An Etruscan village dating from the 4th century BC, Castiglioncello sits on a small promontory that constitutes the farthest offshoot of the Leghorn Hills.
Important military center of Etruscan epoch, thanks to its strategic position on the sea, already in Roman age it was center of luxurious villas of otium. Its tourist fortune starts in '800 thanks to the work of the critic and patron Florentine Diego Martelli that he entertained in his house the greatest exponents of the pictorial movement of the Macchiaioli. Frequented by painters and lettered, Castiglioncello assumes to the first of ‘900 its actual aspect populating itself of refined liberty villas leaned out the sea. Become, in the middle of '900, one of the places of vacation preferred by numerous characters of the cinema’s world it lives in that years his more prestigious season. Full of these traditions, today Castiglioncello is an important destination that proposes a good quality of tourism thanks to the numerous cultural activities in the field of the show, literature, history and art, but also because it gives privileged place for a reflection on the contemporary reality, thanks to the conferences activities and to the new laboratories on the philosophy and communication conceived by the Municipality in collaboration with various Italian universities. Center of these cultural initiatives is the Castle Pasquini, imposing building in Gothic style, built to the end of '800 on the villa that it was of Diego Martelli and absorbed in the Mediterranean stain of its ample park. In 1992, Castiglioncello has obtained the Blue Flag thanks to the FEE (Foundation for Environmental Education in Europe). This legion of merit it’s too important to the seaside stations because the parameters take in exam by Italian and European Commission, concerns not only the clean water, with particularly attention to environmental pollution, but also to the quality of public services, street furniture, social and cultural structures, social order and cleaning of the city, road network and general services, with particularly attention to the tourists.

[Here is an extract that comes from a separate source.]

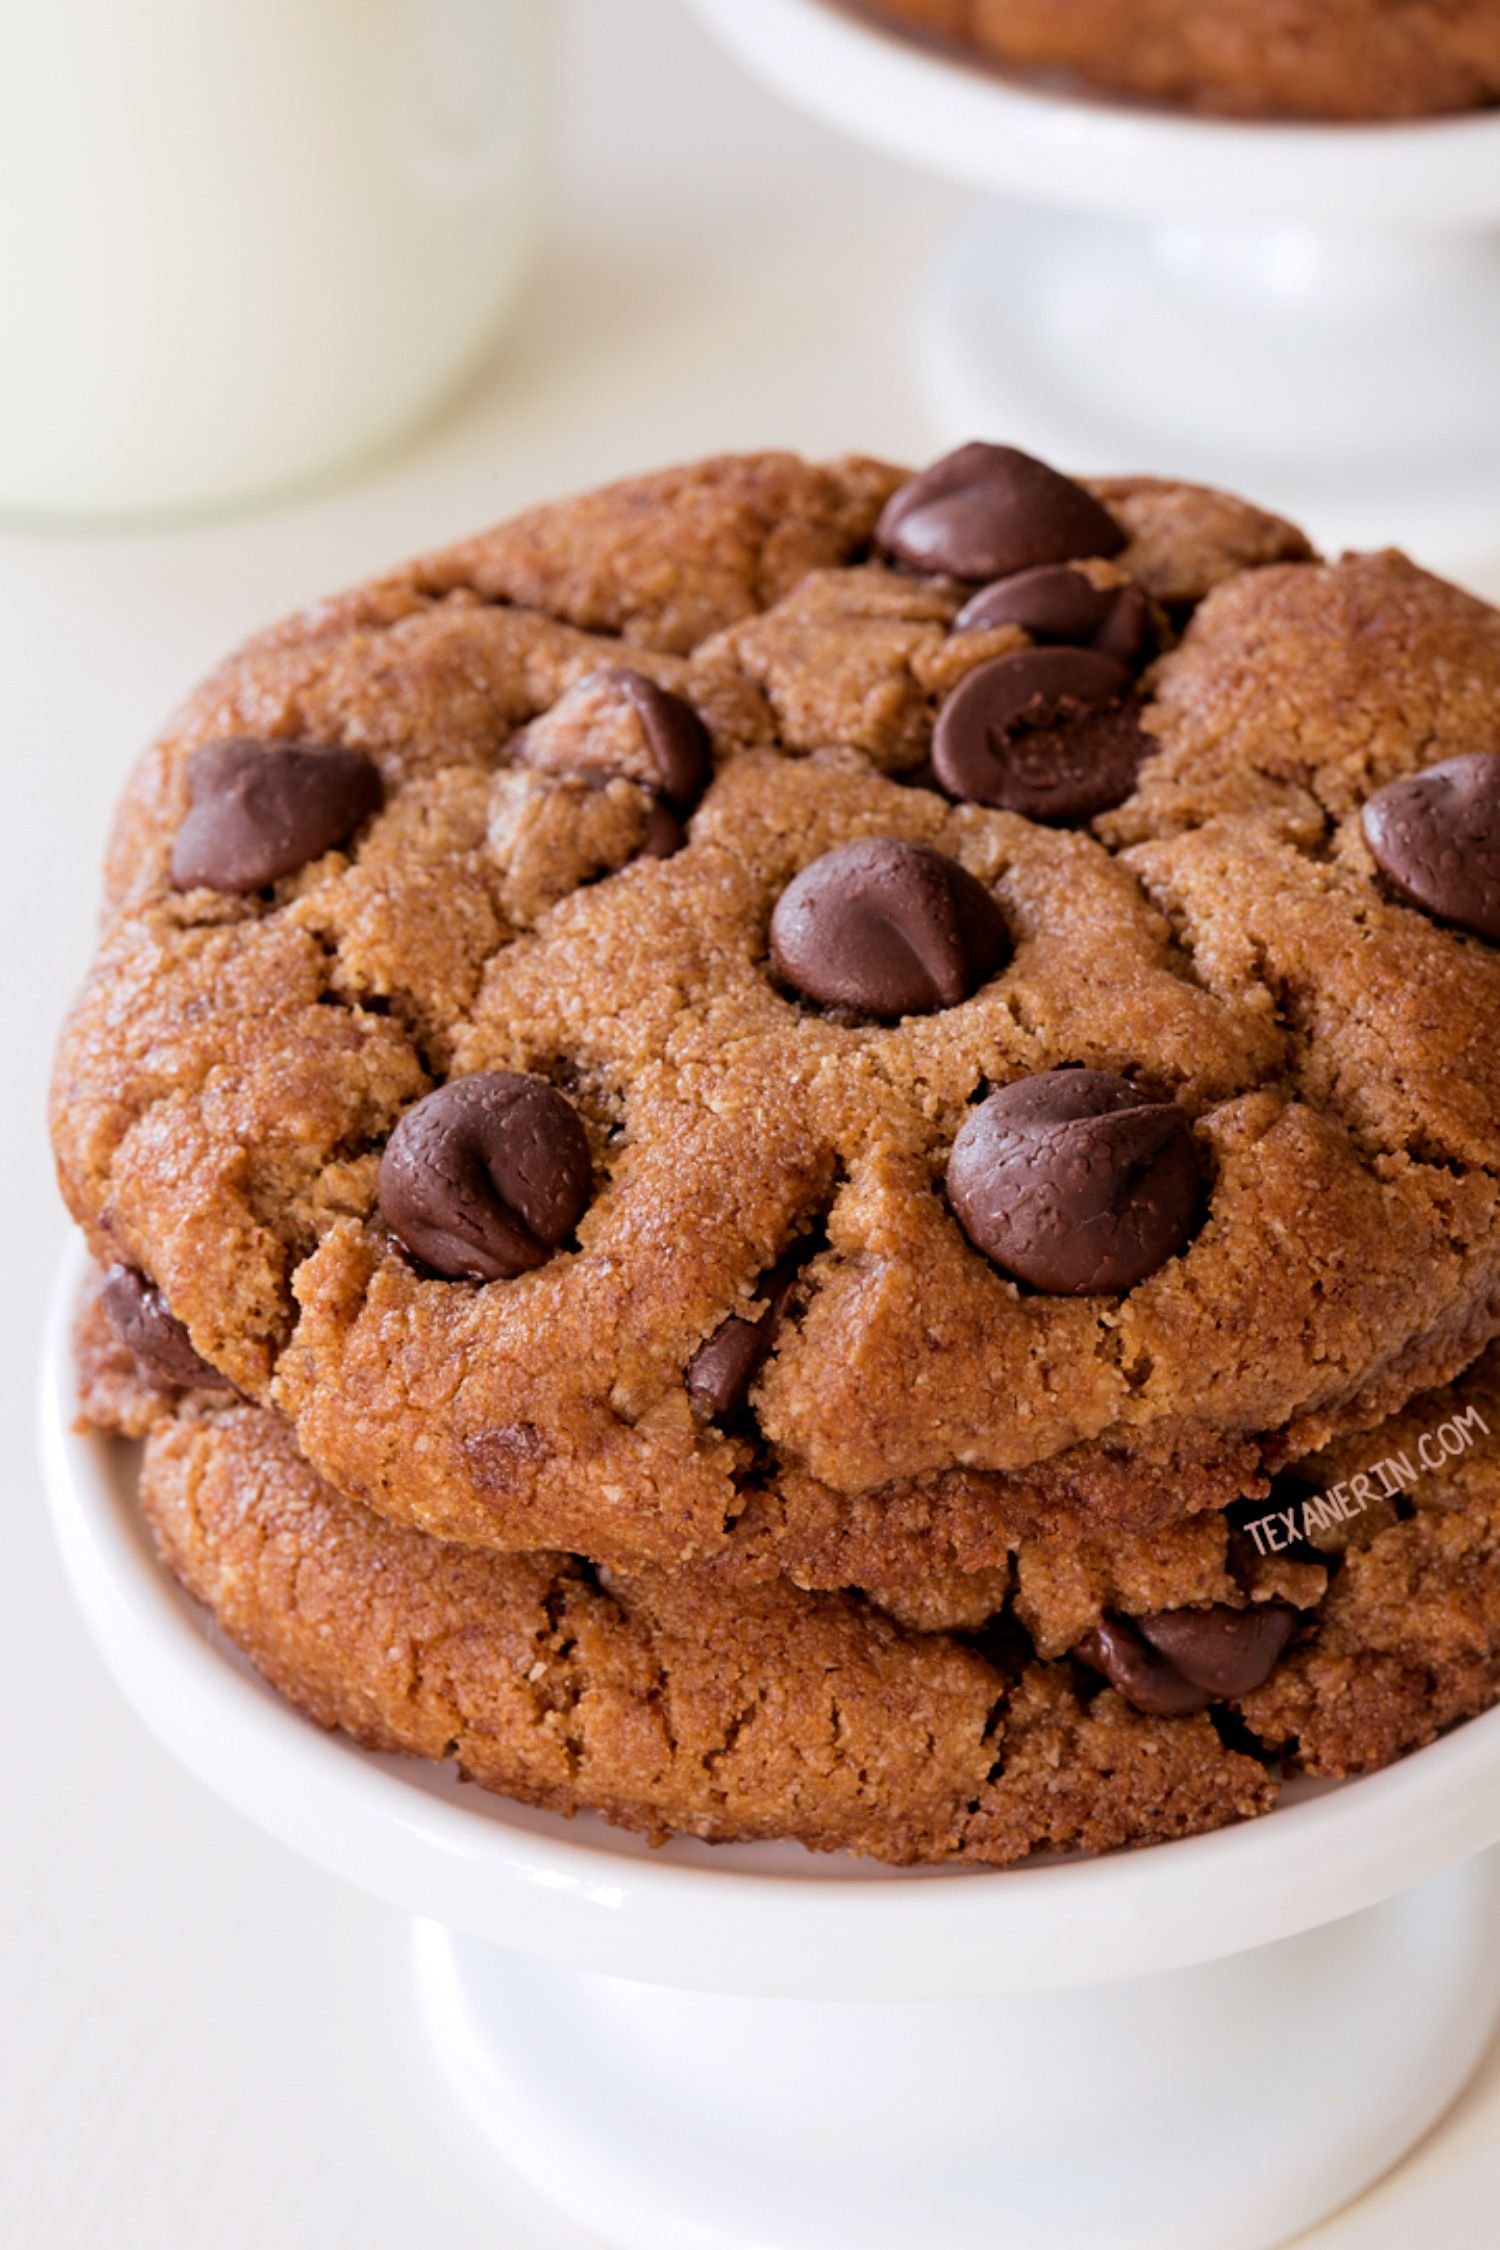 Печенье cookies с шоколадом. Американ кукис. Американское печенье кукис. Печенье Американ кукис с шоколадом. Печенье американер с шоколадом.

Nature provides not only the frame, but the very essence of these lands: the scent of the pines, beeches and tamarinds scents the air and mixes with the odour of the sea salt and the Mediterranean greenery, which stretches up to the beach, almost joining up with the crystalline seas and the groves of olive trees, larches, cork trees and wild chestnut thickets that have moulded the untamed spirit of the Maremma, while the region’s venerable heart is kept alive by the stone villages that perch like birds of prey above the undulating green and the blue highlights of the Tuscan Archipelago.